One of the things I love about BBE Sound is that they are not a conservative company. A perfect example of BBE’s commitment to musicians and guitar players is their recent product introductions into the highly competitive pedal market. For years, professional guitar players were begging BBE to convert their hugely popular rack mounted Sonic Maximizer™ into a easy-to-manage pedal version. Listening to their customers, BBE released the Sonic Stomp and Opto Stomp to the eagerly waiting public. Already, the Sonic Stomp has achieved “must-have” status among stage musicians. That would be cool enough if that were the end of the story, but what you didn’t know at the time was that BBE was planning on following up with seven new pedals. Yes you read that right, seven! BBE is now “all-in” in the pedal market, and the first two pedals were just the pair of aces to open. Including the Acoustimax, that brings their total line-up to nine awesome sounding pedals in 2006. is fortunate to be one of the first to review the rest of this new line of pedals. In this review we will be focusing on the Crusher and the Freq Boost. These are certainly great pedals, but you’ll have to read on for details!

BBE Stomp Box Line-Up

Many of these new pedals are based on vintage sounds from ultra-rare pedals that you would have to track down on eBay…pay a pretty penny…and hope the darn thing still works. Here’s the new line-up with links to each of their respective product pages:

Freq Boost -- A treble boost pedal inspired by the now vintage '60s Dallas Range Master.
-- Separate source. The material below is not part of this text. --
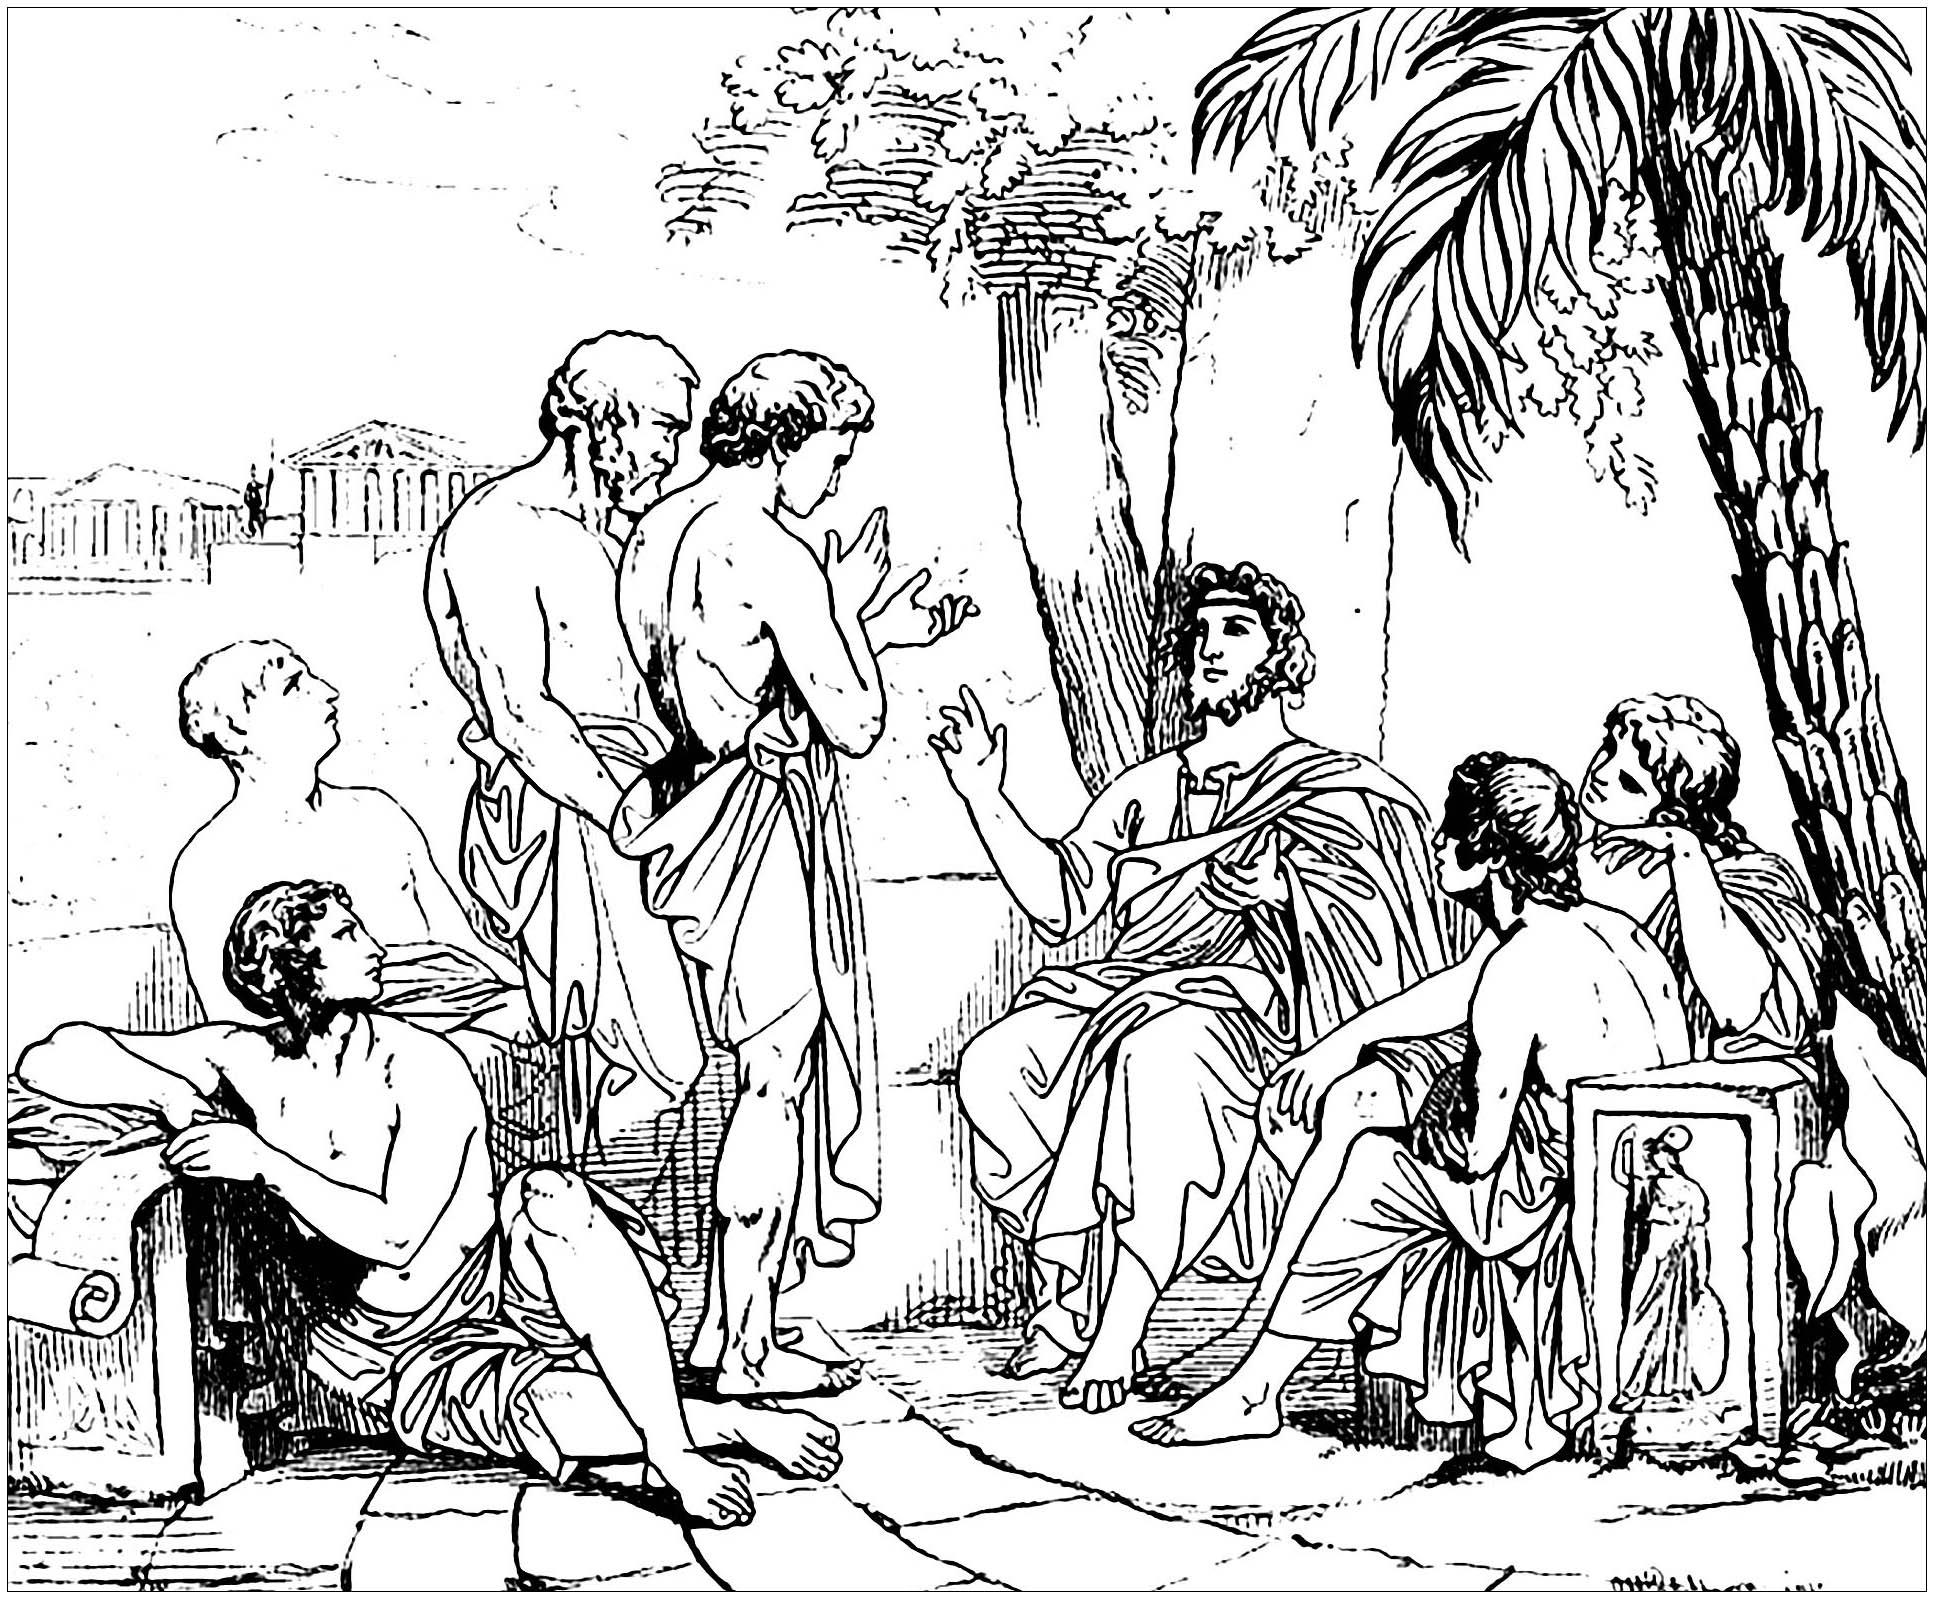 Platon dans son Académie, gravure de 1879 par un artiste inconnu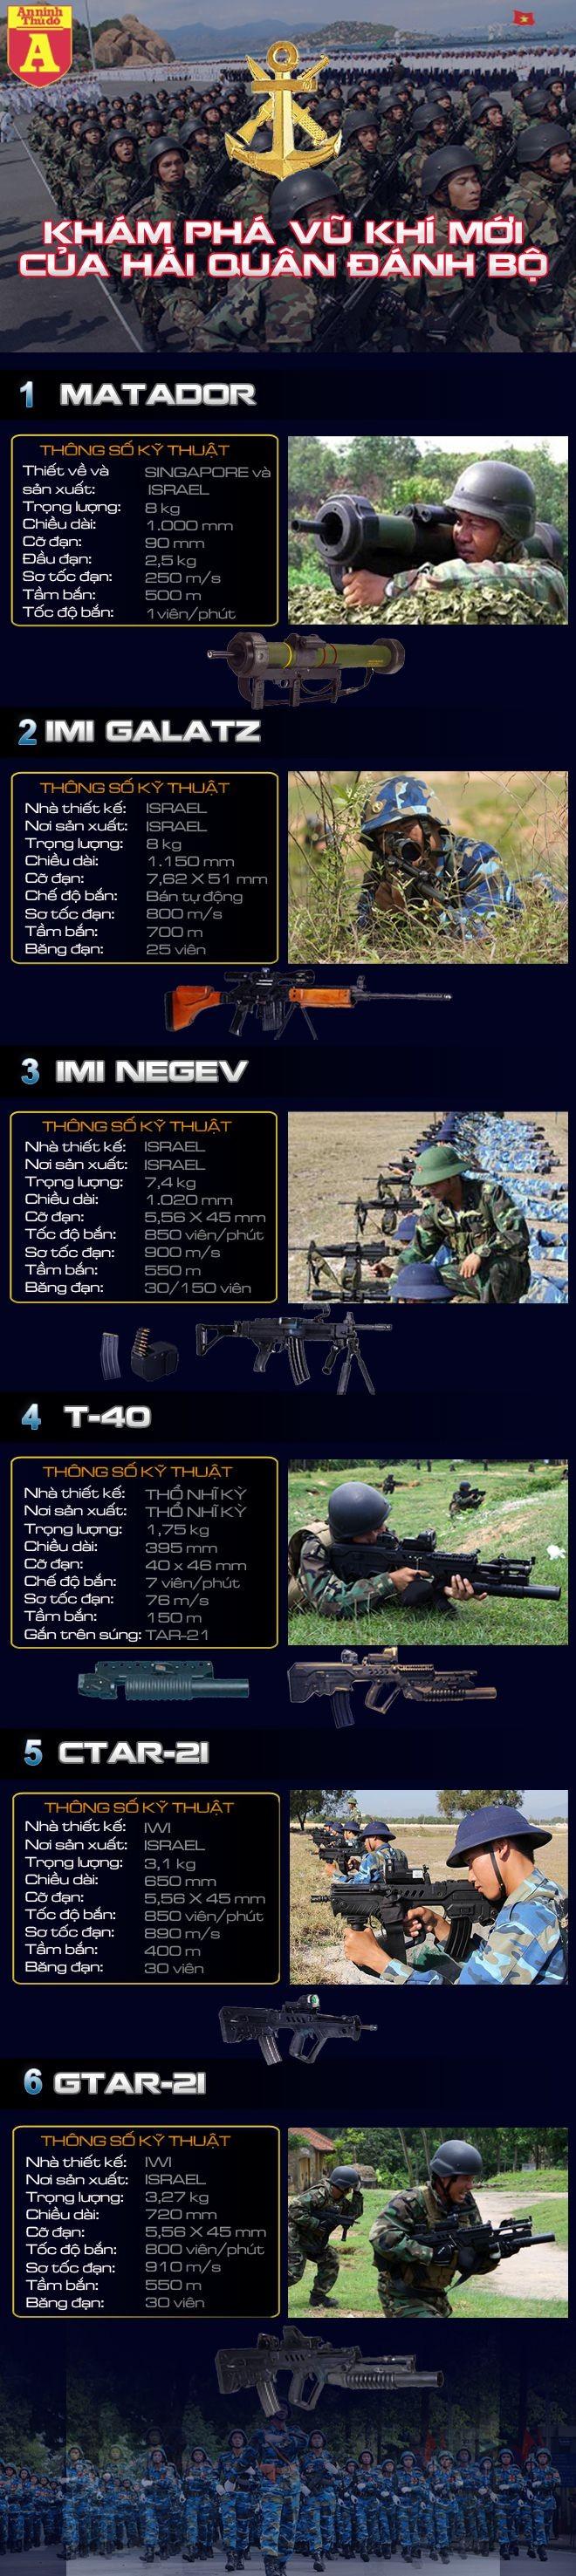 [Infographic] Khám phá những vũ khí cực kỳ hiện đại của Hải quân đánh bộ Việt Nam ảnh 2

Crusher -- BBE original. high gain distortion pedal shaped using a passive 3-band EQ. Hard core thrash and trash!

Green Screamer -- An overdrive pedal with dual op-amp design, inspired by the sound of the amazing vintage Ibanez TS808.

Boosta Grande -- A transparent boost pedal with up to 20dB clean gain.

Free Fuzz -- A vintage '70s fuzz pedal featuring silicon transistors, inspired by the Dallas Fuzz Face.

Orange Squash (formerly Main Squeeze) -- A compressor built on a vintage FET Design, throwing a tonal “tip-of-the-hat” to Dan Armstrong’s Orange Squeezer.

To complete you overview of the entire line, here are the 2005 Introductions as well. The Sonic Stomp, the Opto Stomp and the Acoustimax have have all been previously reviewed here at GuitarGearHeads.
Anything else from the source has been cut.